I looked up at him and said "Sure. It's a deal. I'll be there at...what time do you want me there?" I looked at the address on the card and figured it was about 2 miles from my place.
"Make it 10:30. Does that work for you?"
It did and we said good bye. All that night, no matter what I was doing, I couldn't stop thinking about what I was getting into. Sort of the angle vs. devil on my shoulders. The Angle would say "There is no way you're doing this. Your parents will kill you!" Then the devil would say "You're only going to talk to the guy. What's the harm in that? You might get laid!" I hadn't had sex in over a month, so the devil held the upper hand for sure.

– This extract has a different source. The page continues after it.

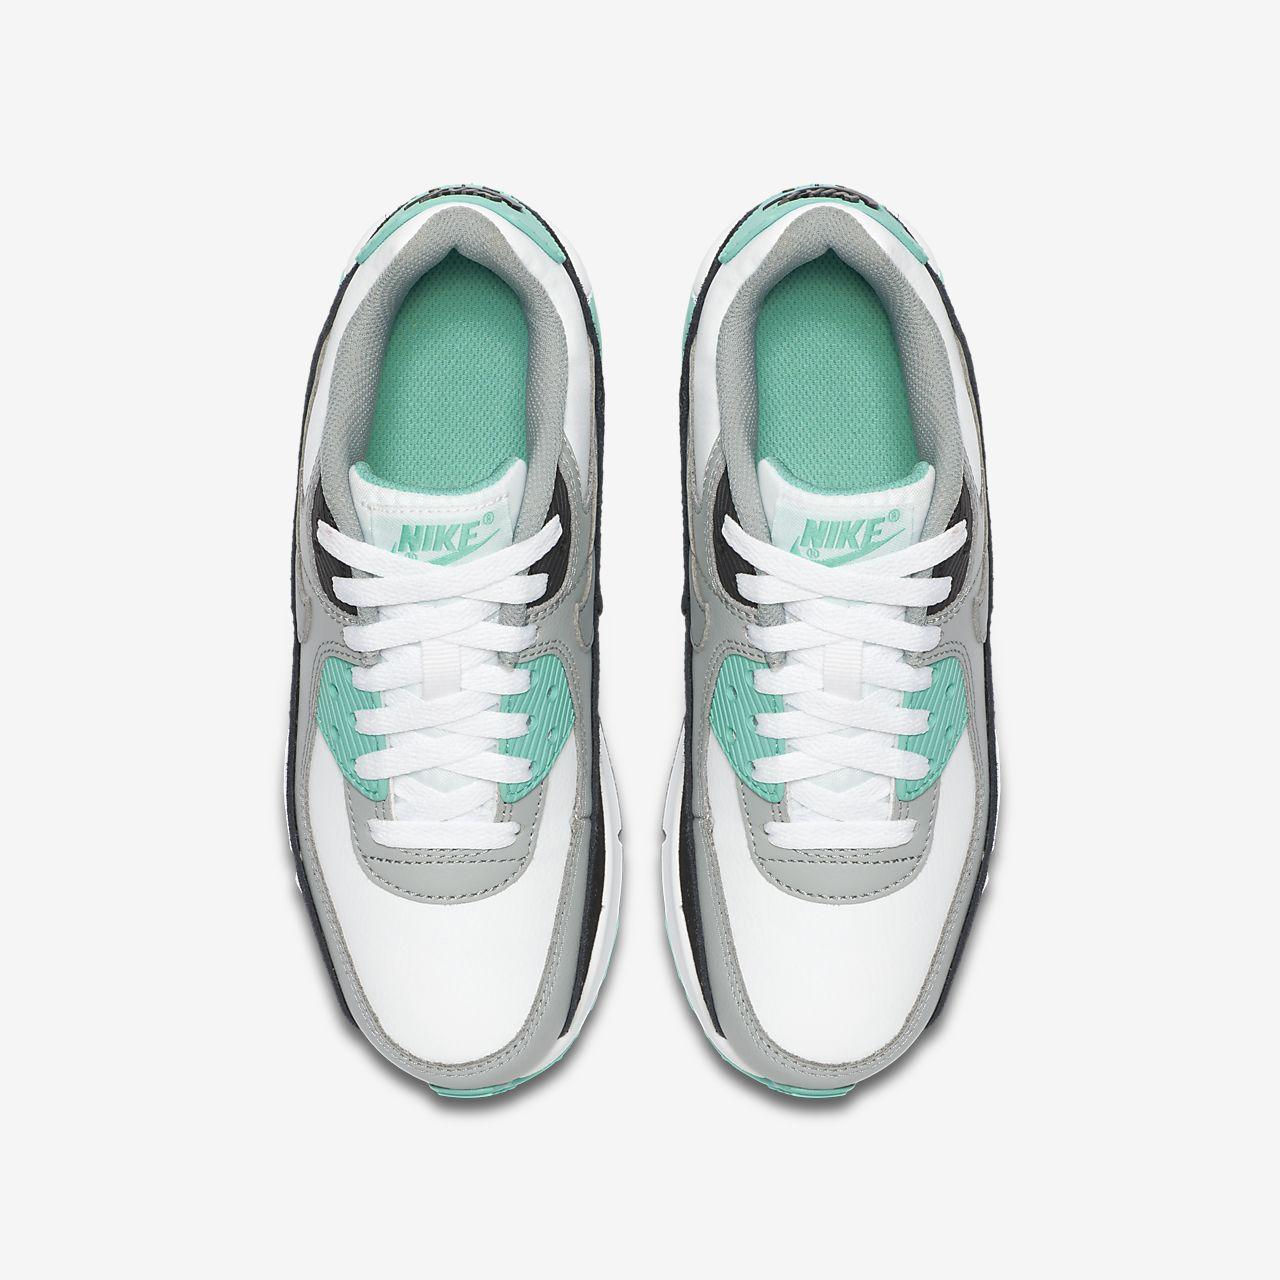 90 Air âgé Max LTR Enfant plus Nike pour Chaussure fvYgby76

On and on the argument went on in my head all night. In the morning, I was faced with that age-old question that everyone must ponder at least once in their lifetime: "What is the proper dress for an interview in the pornography industry?"
When I walked into Marty's office, there was a young man behind the desk, most likely his secretary. The man looked to be about my age and he looked vaguely familiar. The name plate on his desk said "Barry Pinner." He looked up at me when I entered and I told him that I had an appointment to see Mr. Pinner at 10:30. He smiled and asked me to have a seat and then picked up the phone. As he spoke, I realize where I knew this guy from: he goes to the same gym as I do. He put the phone down and said "Marty will see you now. Please come with me."

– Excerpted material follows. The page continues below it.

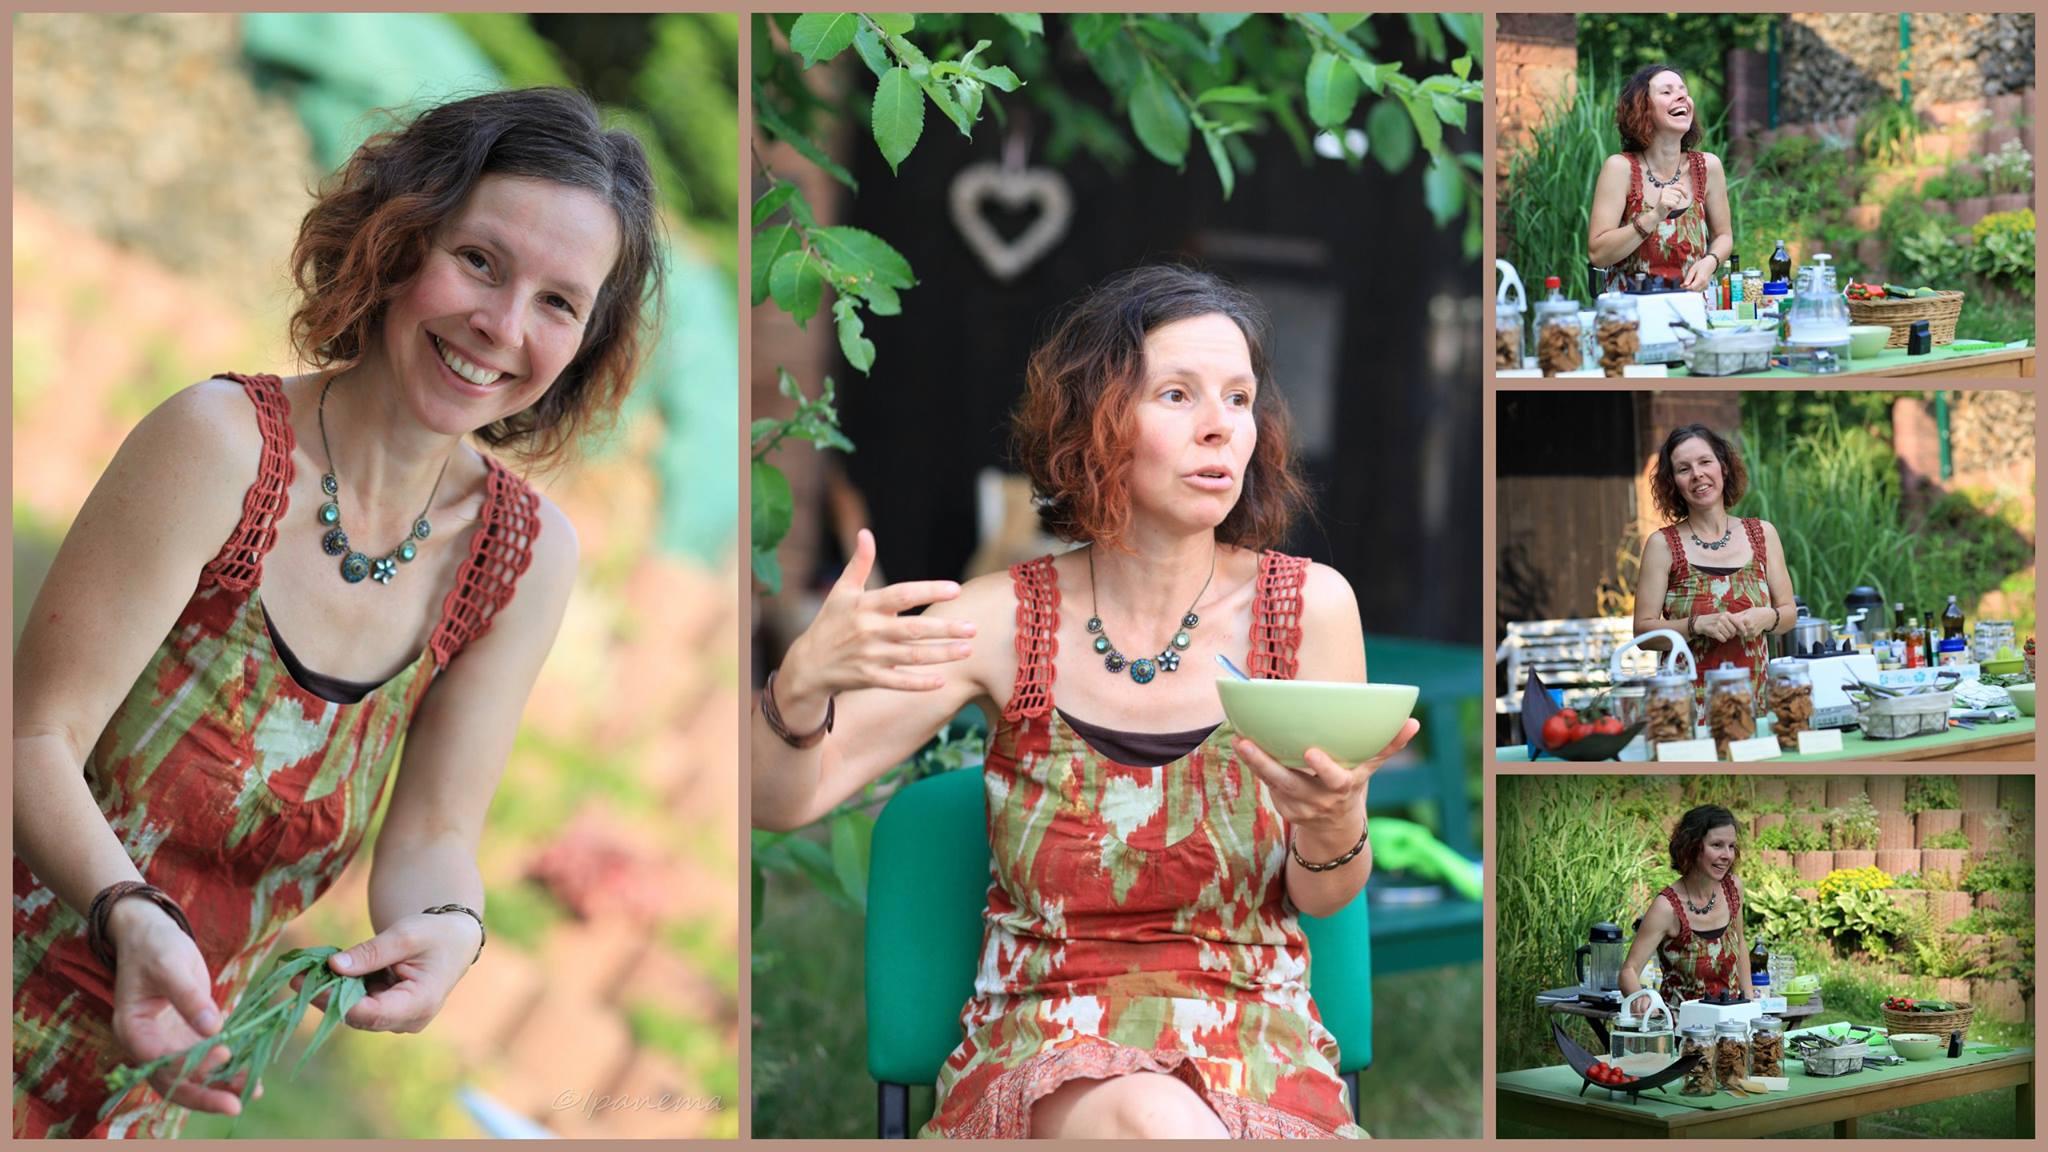 GESUND - VITAL - SCHLANK - Foto von Ipanema - entstanden beim Workshop Gourmet-Abend von Katja Friedrich froh-leben Gourmet-Abend

I got up to follow him and said "I think you go to the same gym as I do. It's about 10 blocks from here."
He turned to me, looked me up and down and said "Yes, now I remember you. You're there in the evening, same time as I am." He opened the door and I walked into Marty's office.

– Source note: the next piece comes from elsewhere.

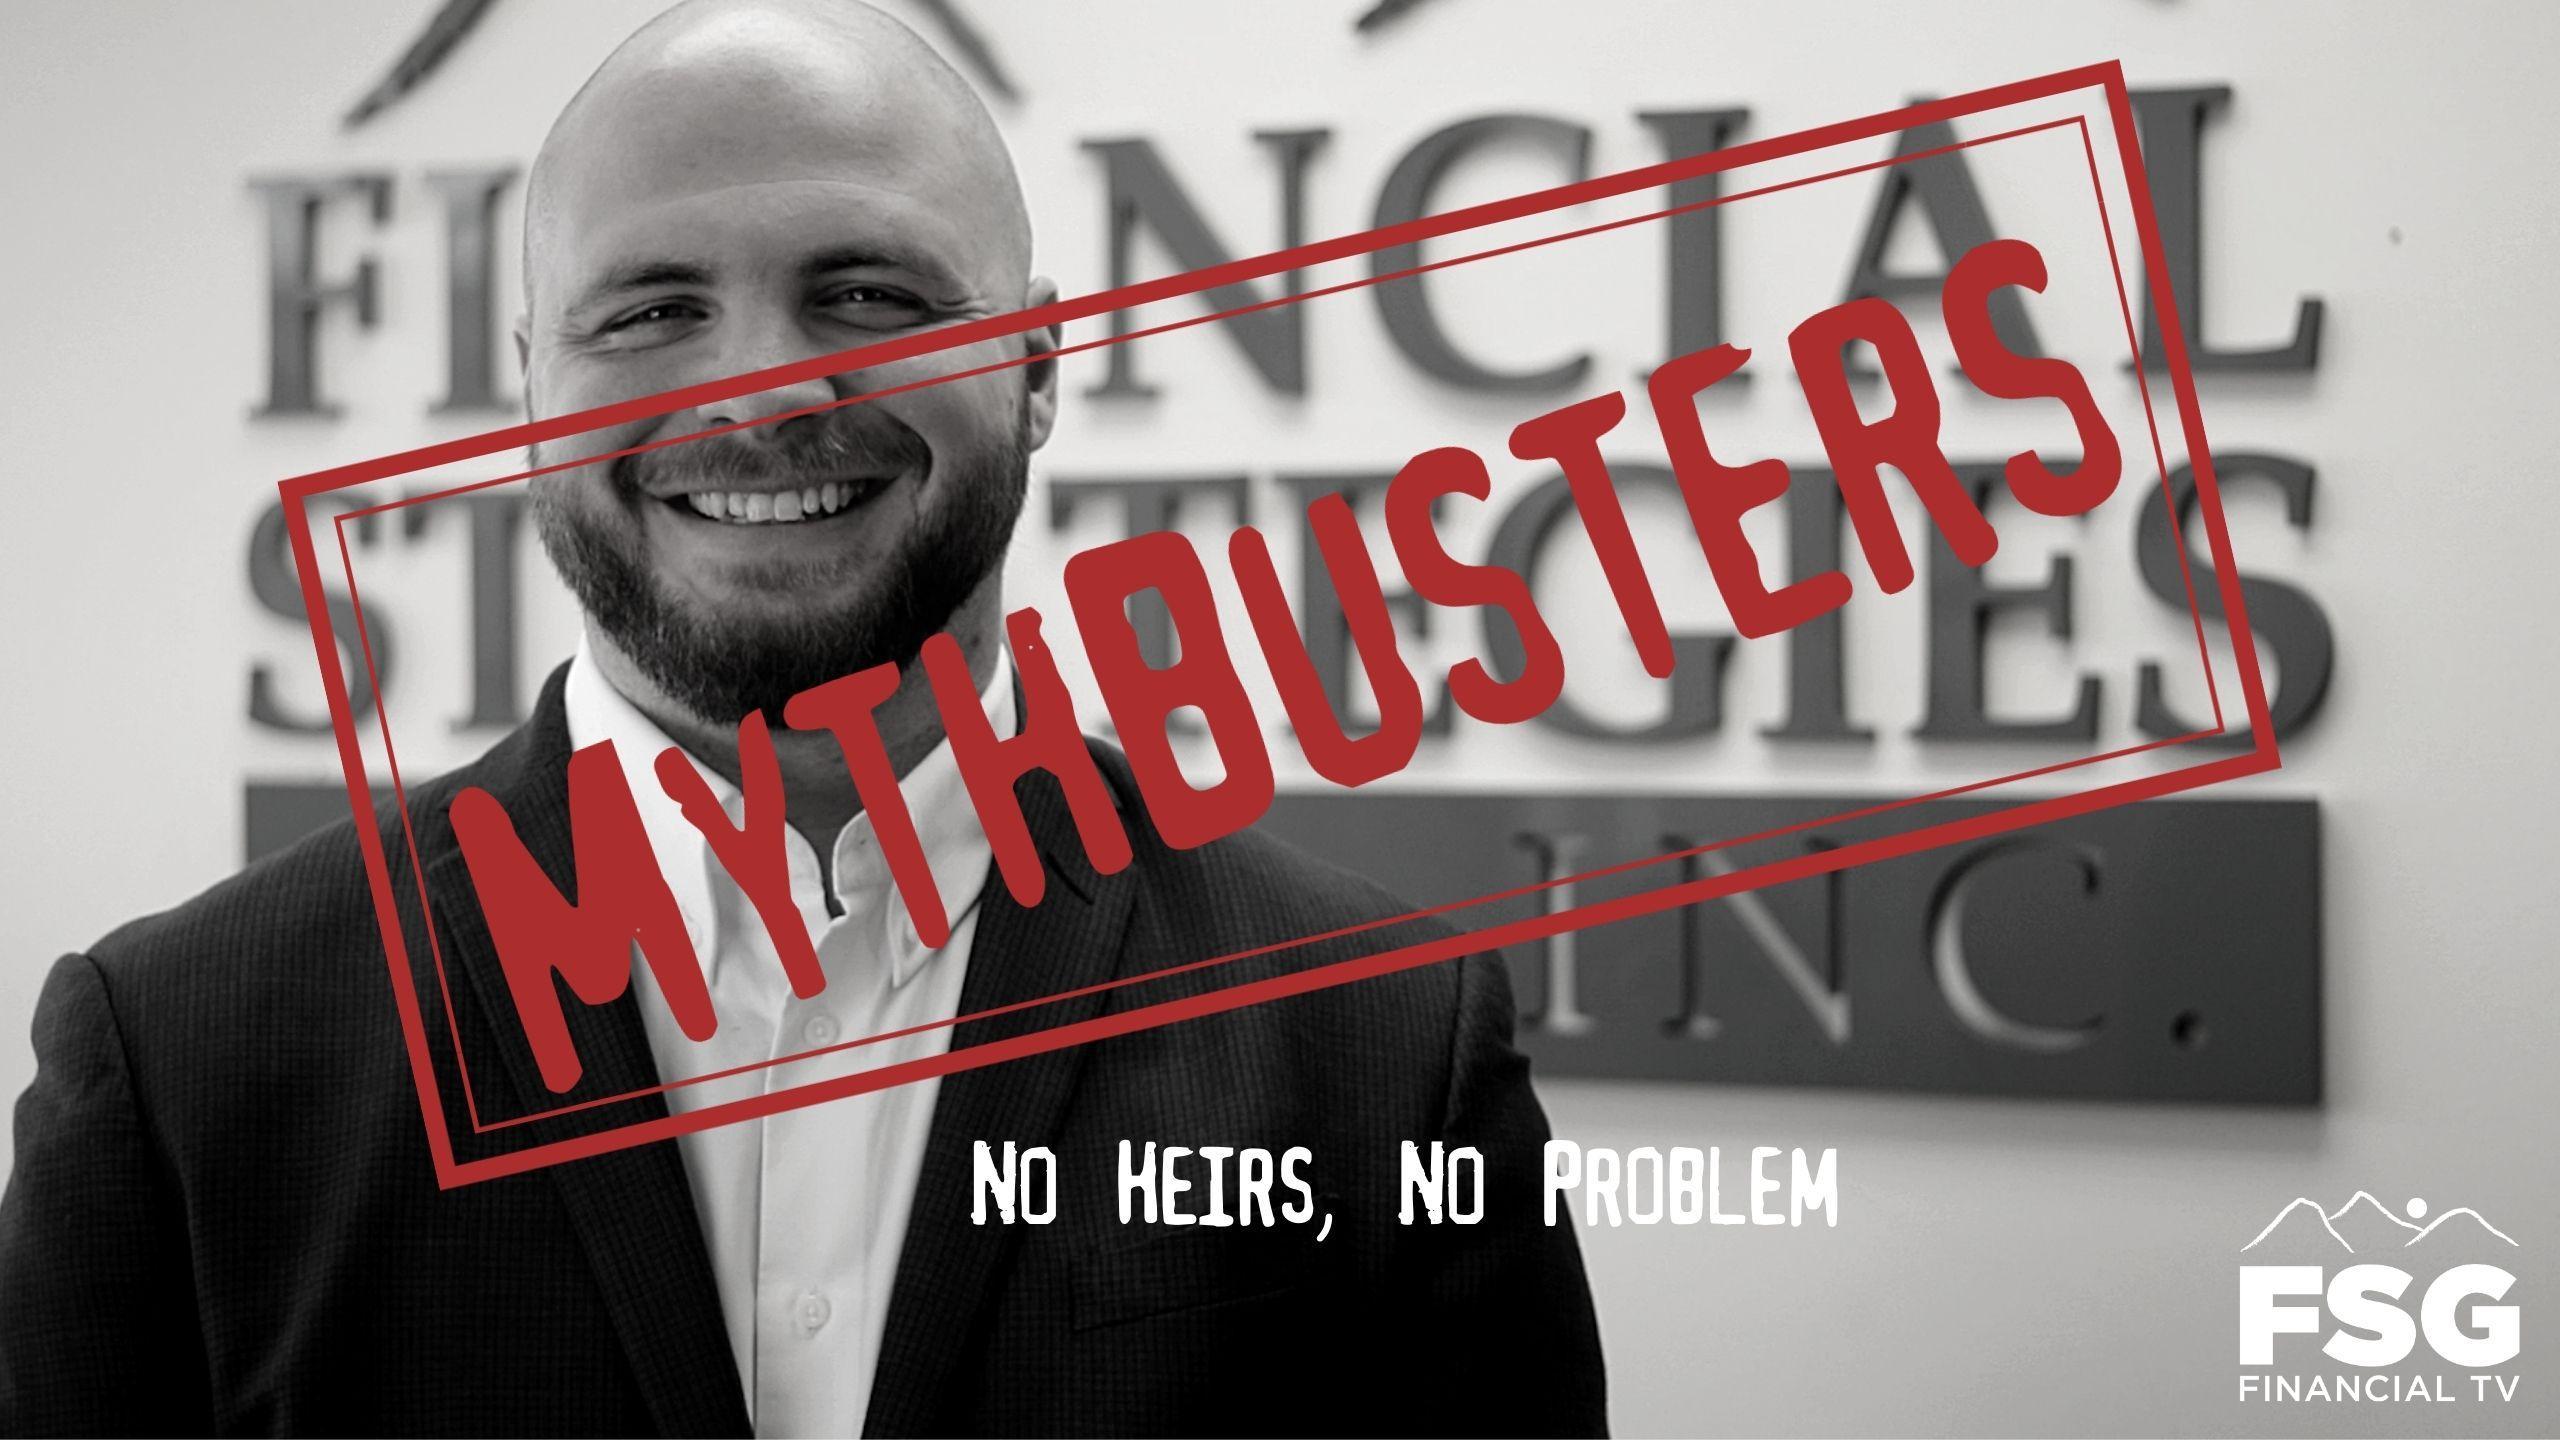 MythBusters: No Heirs, No Problem? Thumbnail

"Michael, come on in! Barry, please get Michael here a cup of coffee." I shook hands and took a seat across the desk from him.
He started his sales pitch matter-of-factly and I listened as I sipped my coffee. Honestly, I'd decided against doing it as I rode my bike over but I figured I would listen anyway. As he talked, I started to reconsider things. He was offering me $500 per scene I did and I'd be contracted to perform in three scenes. The contract would terminate in 30 days or at the completion of the third scene, whichever came first. "Of course," he said, "there are some added bonuses in the contract, but that's for legal to sort out." I could make $1,500 in less than a month? Maybe more? I could get my car fixed and expand my job search! At that moment, I decided "what the hell?" and told Marty that I was interested.
"Good," he said. "The first step is to get you physical. I have a doctor friend of mine who will do it for me today. He's about three blocks away and I'll have Barry call to see when he can see you."
"Why do I need a physical?"
Marty said "I need to know that you're free of disease and infection."
It turns out that the doctor could see me now and his office was fairly close. It was a rather thorough physical exam, to say the least. He took three large vials of blood and a urine sample. Then he proceeded to poke and prod every inch of my body for what seemed an eternity. When it was over, I headed to work at the dealership.